There was anger from what Section 25 (I) of the law says. It requires that each federation informs the Minister in charge of Culture about the organisation of national or international cultural events, as well as the terms and conditions of their organisation.

In addition, Section 33 of the law requires that the by-laws of the companies, unions, guilds and federations have provisions to state origin and nature of resources, internal accounts auditing arrangements, including mechanisms for external accounts auditing by an approved auditing body and/or competent public services. This move has been seen as putting a noose around the operations of the creative sector by increasing regulation which is counterproductive.

Some are against the idea of artists paying any taxes to the government who have done next to nothing to help their industry, promote and invest in their growth. However, others advance that the government has no way of raising funds to do the needed if the artists themselves do not pay taxes on their earnings just like normal businesses are required to in order to generate revenue for the government.

Another cause for concern has been the fact that artists or those in the culture and arts sector must be authorised by the Minister of Arts & Culture before they can receive any funding within and outside of Cameroon.
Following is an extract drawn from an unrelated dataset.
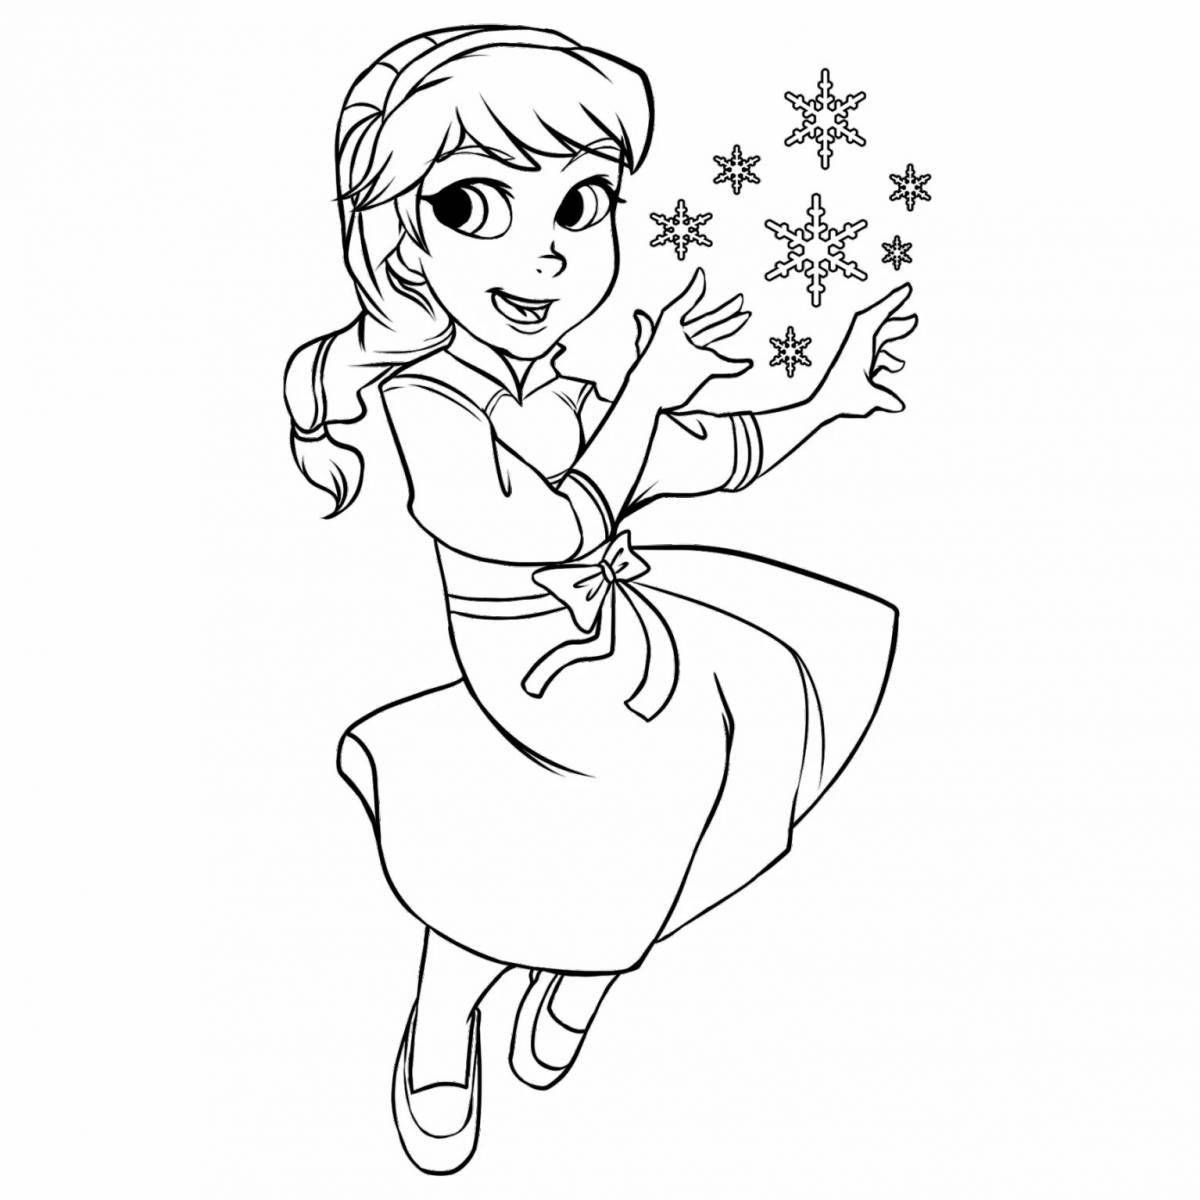 Royal keepers of miracles coloring page

Making matters worse is the requirement by the MINAC law to get permission before collaborating with international bodies, artists or companies.

This means artists will need approval from MINAC before being able to go on tour, do a collaboration with international artists; a move which many see as a huge deterrent towards attracting international collaborations from renowned artists who can easily shift to other neighbouring countries for needed talent.

Limitation to Geographical Areas

The make-up of how companies, unions and guilds are supposed to work based on geographic location is problematic. This is elaborated above and is detailed in Chapter III, Sections 10 – 18 of the law. If you can only work in an area where your union is affiliated, this makes movement within the country for artistic ventures almost impossible due to the delays in obtaining the required permits and the bureaucratic bottlenecks involved.

In a nutshell, the law directs all final decisions and approvals on activities relating to cultural expression and the arts to the MINAC and the Minister of Arts & Culture. During the consultation process, the artists ‘selected’ to participate were not those who espouse political consciousness. They are not well known in Cameroon and it is believed they were paid to do this.

It is clear that the culture and creative industries require deregulation and not more regulation. Looking at it from a global perspective, governments around the world have realised that it is a better move to liberalise creative spaces rather than control them.

But a key question to ponder is why now? Was this law really necessary or was the needed action about implementing already existent laws? If the latter is the case, then some people have no reason to be worried about this new law because it might also not be implemented.

However, others wonder why the artists, musicians, filmmakers, writers, producers, dancers and all those in the arts and culture industry; have not come out in their numbers to denounce this law with action and not armchair activism as seen via social media postings from some of the artists. There is the perception that people are more worried about the artists than they are worried about themselves.

Industry events organised by the likes of CAMIFF (The Cameroon International Film Festival) and RECAN (National Artistic and Cultural Season Relaunch) present great opportunities to rally support and sign petitions against such a law. Casual observations of how the industry conducts itself indicate it is greatly fragmented as seen with RACAM operating separately from SONACAM. There is a great need for all parties, stakeholders involved in this space to come together and speak in one voice for changes they wish to see introduced to this law.

Will it be a little too late? Can the law be revoked or amended to meet the aspirations of those in the arts industry? Have you read it and what are your thoughts on this?